If the number of handlers is large, split Conference.sendOut on a task queue. #1062

JonathanLennox · 2020-01-24T21:24:29Z

In the spirit of #1058, this is a quick-and-dirty hack to test out splitting Conference.sendOut among multiple tasks on the work queue. Should this perform better, we can look at a bigger refactor to achieve this. DO NOT MERGE.

gpolitis · 2020-01-27T16:25:07Z

src/main/java/org/jitsi/videobridge/Conference.java

+    /** The maximum number of packet handlers we want to execute in one task.
+     *   TODO: this number is pulled out of the air; tune it.
+     */
+    public static final int MAX_HANDLERS_PER_TASK = 5;


I suspect this may depend on the number of cores a machine has. Shall we make it configurable?

Possibly; this was just a quick and dirty check to see how much difference this made.

We already populate the CPU_POOL based on the number of cores, so if anything maybe we'd want to base this on the size of the cpu pool, so we only make this decision in one place.

Looking at YourKit, AbstractExectorService.submit seems to spend a fair amount of its time in LinkedBlockingQueue.offer which has to acquire a lock, so we may well want more tasks than cores here.

Hm, we probably just shouldn't be using offer there.

That's inside the Java implementation -- and never mind, I was looking at putting things on the executor queue, not the execution of the queues.

Oh, I see what you mean now. 👍

bbaldino · 2020-01-27T18:11:19Z

src/main/java/org/jitsi/videobridge/Endpoint.java

@@ -386,7 +386,7 @@ public double getRtt()
     * {@inheritDoc}
     */
    @Override
-    public boolean wants(PacketInfo packetInfo)
+    public synchronized boolean wants(PacketInfo packetInfo)


Why does this need to be synchronized now?
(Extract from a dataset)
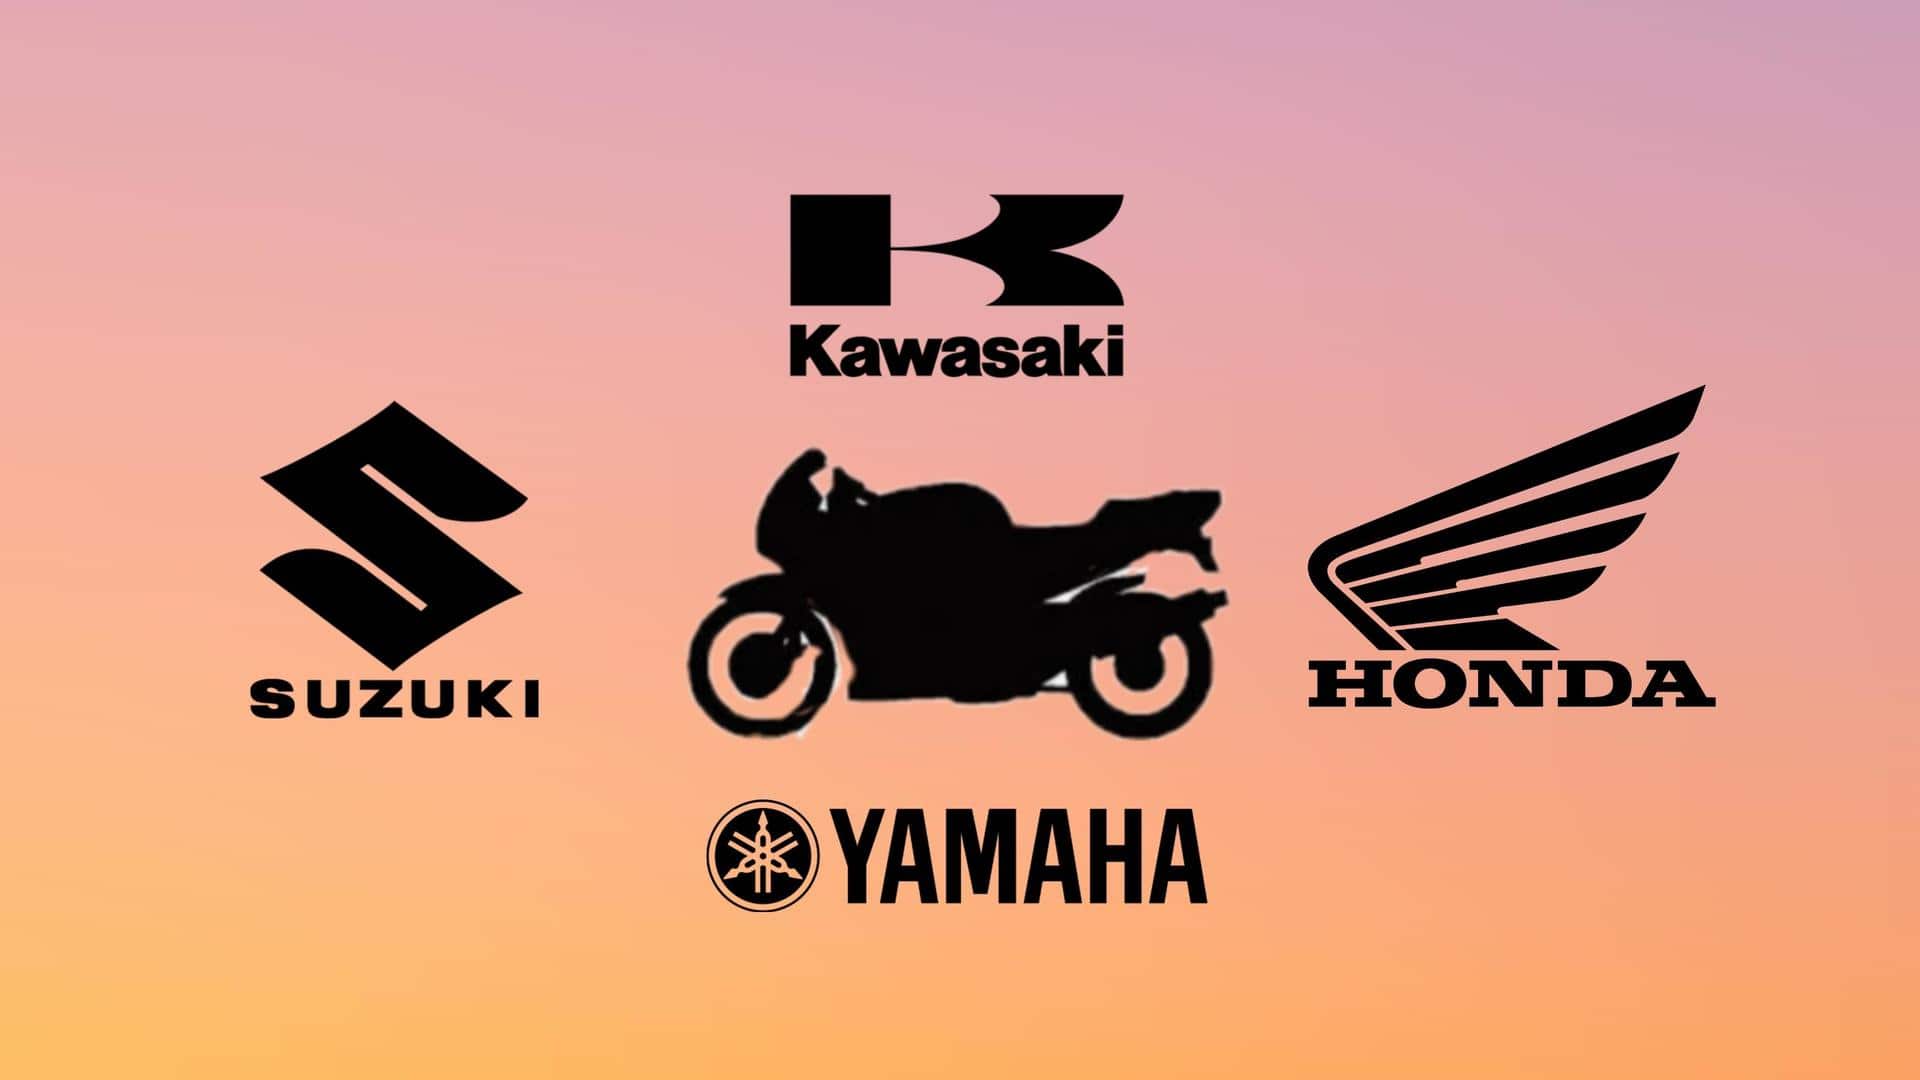 Honda, Suzuki, Yamaha, and Kawasaki to develop hydrogen-powered engines

We're only parallelizing the send out of a single packet at a time, right?

Since the receive pipeline farms out the parallelized sendOut calls and then returns, without waiting for the executor tasks, there's nothing stopping the next packet's receive pipeline's executor tasks from starting while the previous one's are still running.

Hm, I think this could result in reordering the packets: I don't think we'd guarantee that the lock on Endpoint A will be taken when processing packet "1" before a thread handling packet "2" for Endpoint A is scheduled.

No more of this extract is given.